Message: ‘Raising the bar by following God’s Word’ 

Text: Matthew 5:17-20

 

Introduction: People are experts at justifying themselves. We have the uncanny ability to convince ourselves that no matter what we have done, we’re OK. Think about it. How many times have you heard:

·       ‘Well it wasn’t the best choice, but it worked out OK.’

·       Yes, I know I shouldn’t have  (you fill in the blank) but it’s not like I do it all the time.’

 

The problem is we see ourselves as ‘good enough’ for anything.

·       Good enough for a company that turned us down, even though our resume lacked the qualifications they were looking for.

·       Good enough for a college that rejected us, even though our grades and SAT scores were below their entrance requirements.

 

We make ourselves feel better by thinking ‘we know we’re good enough even if they don’t see it.’ Pull yourselves up by your bootstraps or wish upon a star, sometimes, the truth is, we just aren’t good enough.

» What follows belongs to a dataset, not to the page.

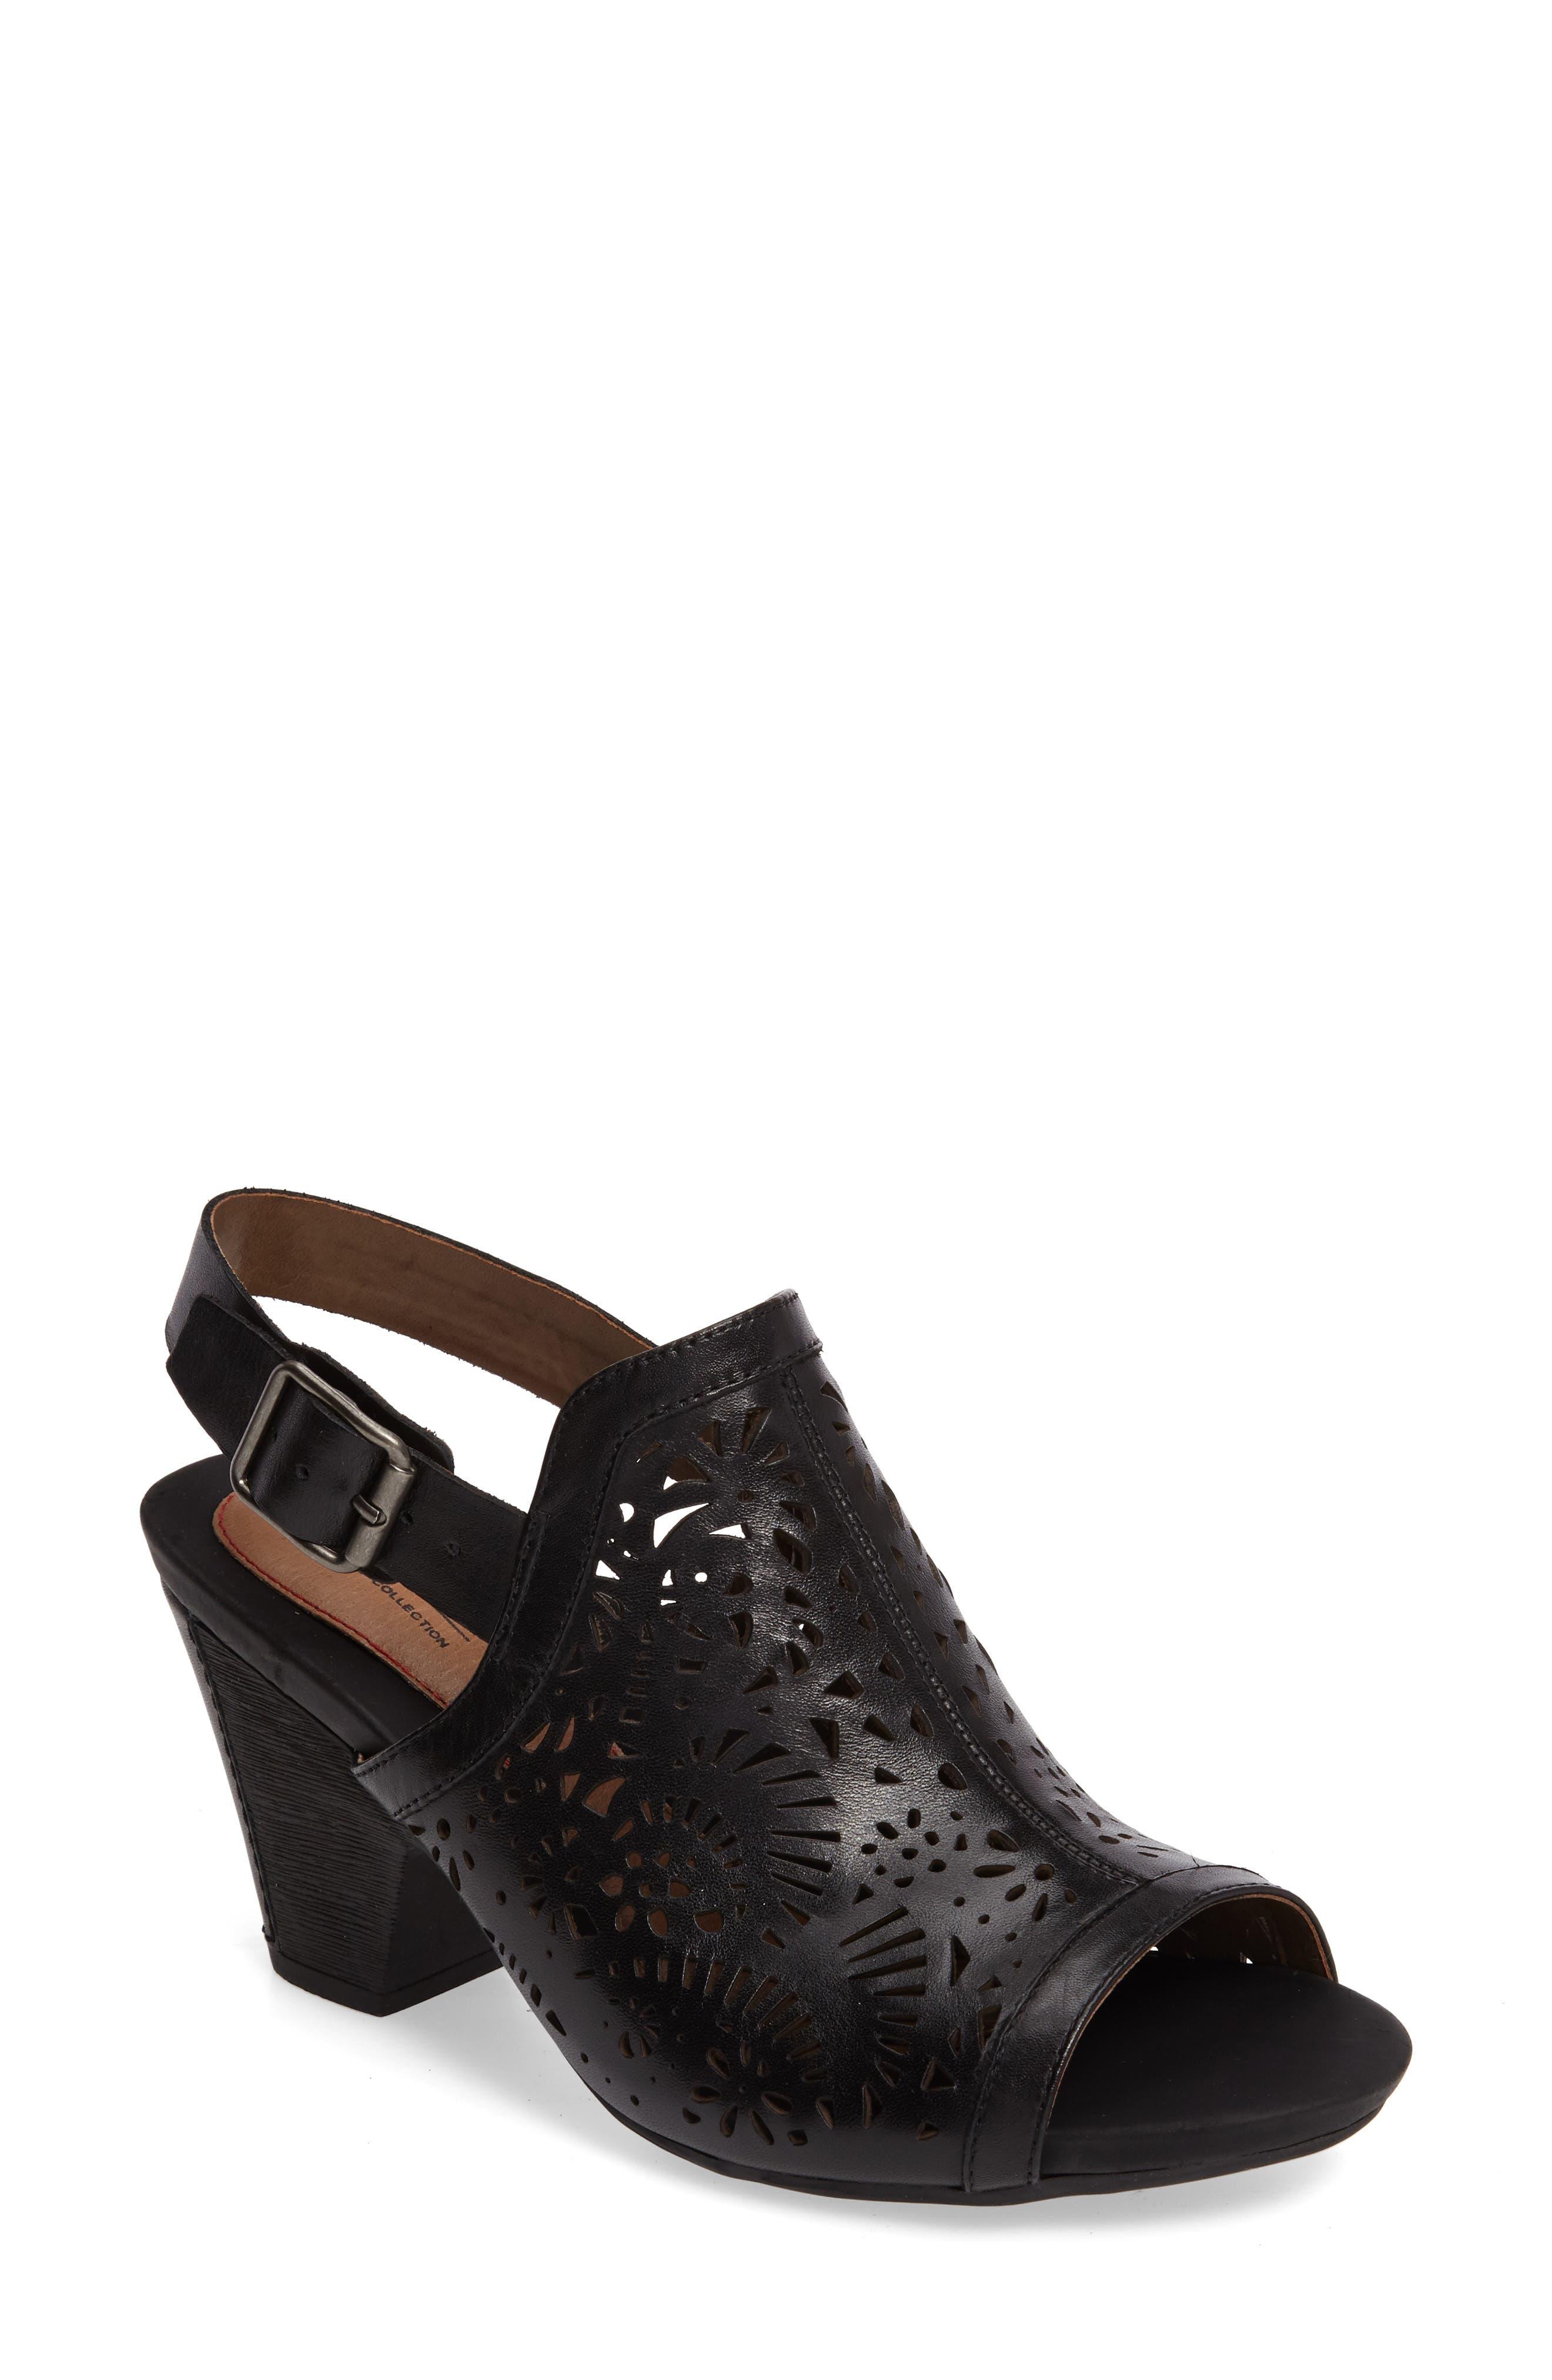 Tropez Block Heel Sandal,                             Main thumbnail 1, color,

·       No matter how good I think I am, I will never be a math teacher.

·       No matter how good I think I am, I will never get my own Food Network TV show.

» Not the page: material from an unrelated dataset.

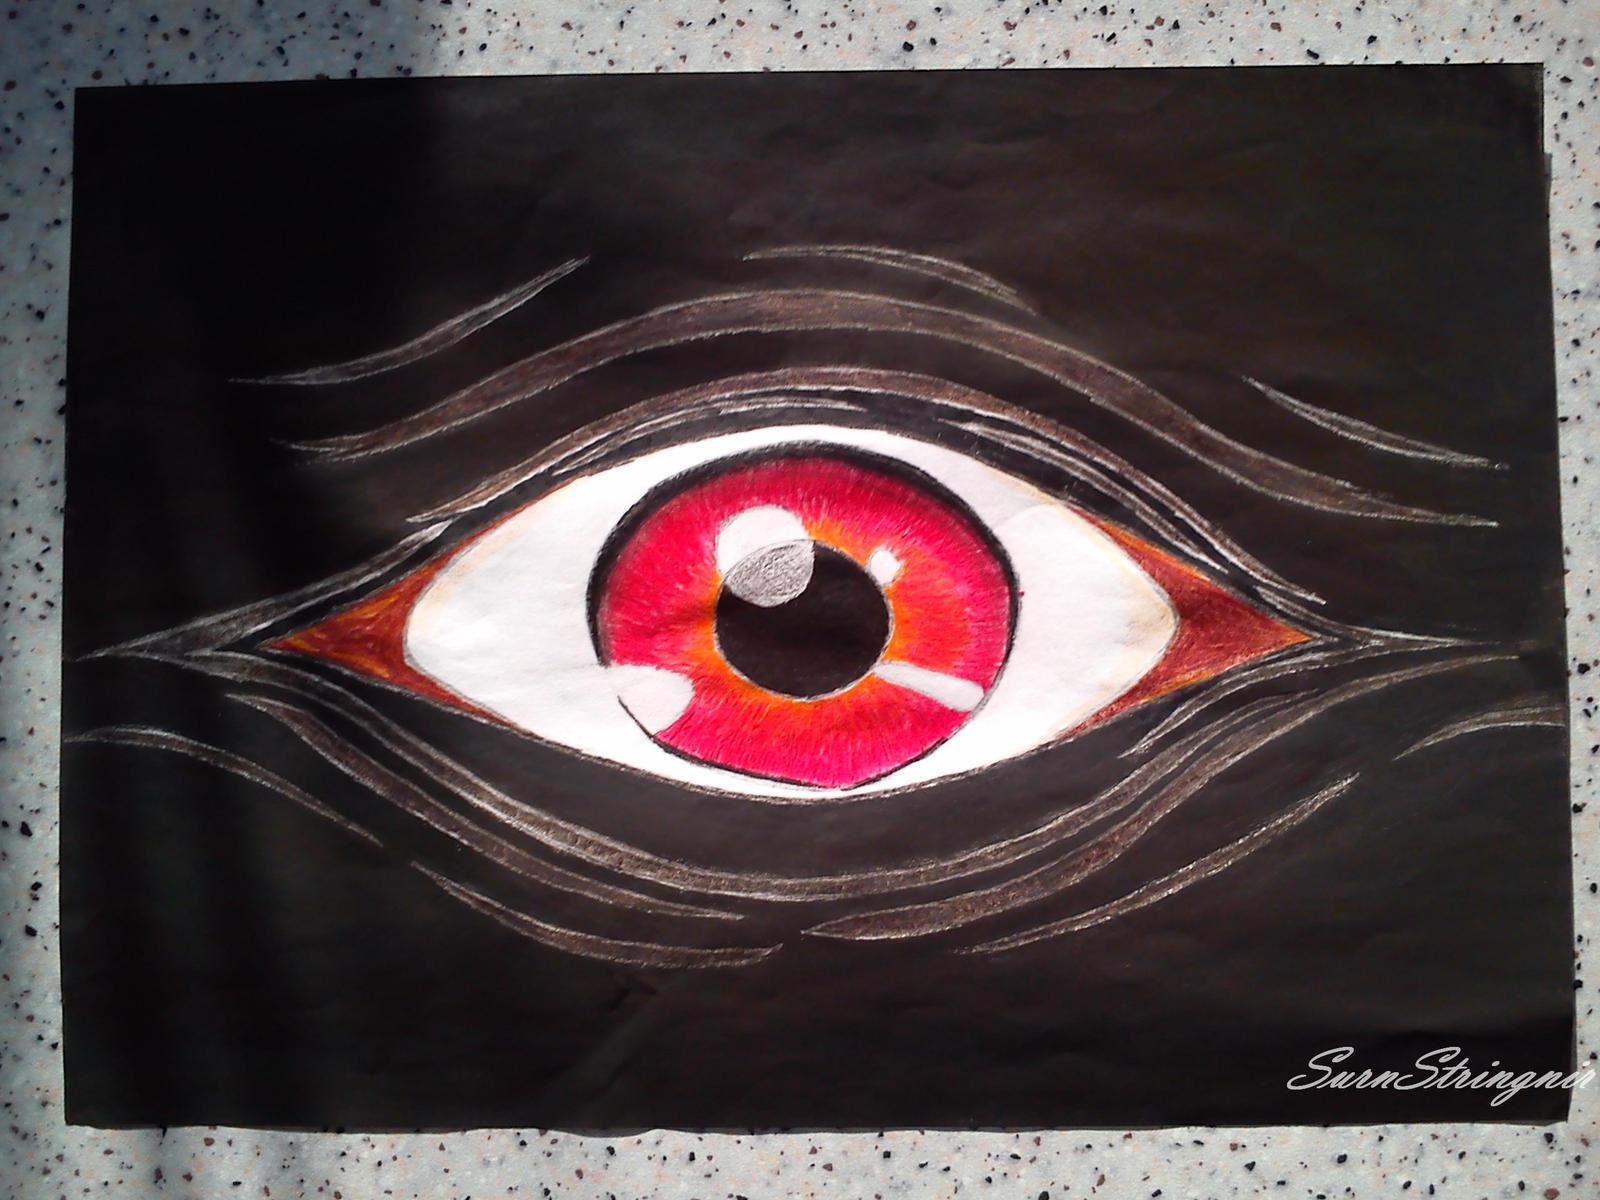 Alucard eye by SurnStringnir on DeviantArt  Alucard

·       No matter how good I think I am, I will never win the Tour de France.

 

Ahh, but that’s too painful to deal with so we justify ourselves by thinking we are good enough. And here’s the bottom line…By doing that we refuse to accept, that someone else has a standard, that we just don’t measure up to.

 

The same could be said for our spiritual lives. We refuse to accept that there’s a standard, outside of ourselves, that we must measure up to in order to go to heaven. And in our text this morning, Jesus talks about that standard.

 

Transition: Turn in your Bibles to Matthew 5:17 (pg. 740 in the Bibles under the chair in front of you.) It’s here that we’ll find that we raise the bar of spiritual expectations and actions in our lives by following God’s standard…his Word.

 

 

 

I. Matthew 5:17-18    God’s Word is Complete.

Read: Matthew 5:17-18

 

I thought this was a rather abrupt way to transition out of the  Beatitudes. But since Jesus knows our hearts and thoughts, there must have been people in the crowd that day that thought he was coming up with a new Law…a new Bible if you will.

 

They thought that, because what they were hearing from Jesus wasn’t jiving with what they had been taught by the religious leaders. Jesus’ words had authority and demanded radical obedience and life altering change…they weren’t used to that kind of teaching.

 

Jesus said that his teaching and his actions, don’t abolish or replace of the Law, the Bible of their day. He said he fulfills what was written in the Law. So what does he mean?

 

·       First, Jesus is saying that everything he has said and done is in complete harmony with what has already been written. He hasn’t contradicted nor has he diminished the importance of any of what was written in the Law and Prophets. (OT)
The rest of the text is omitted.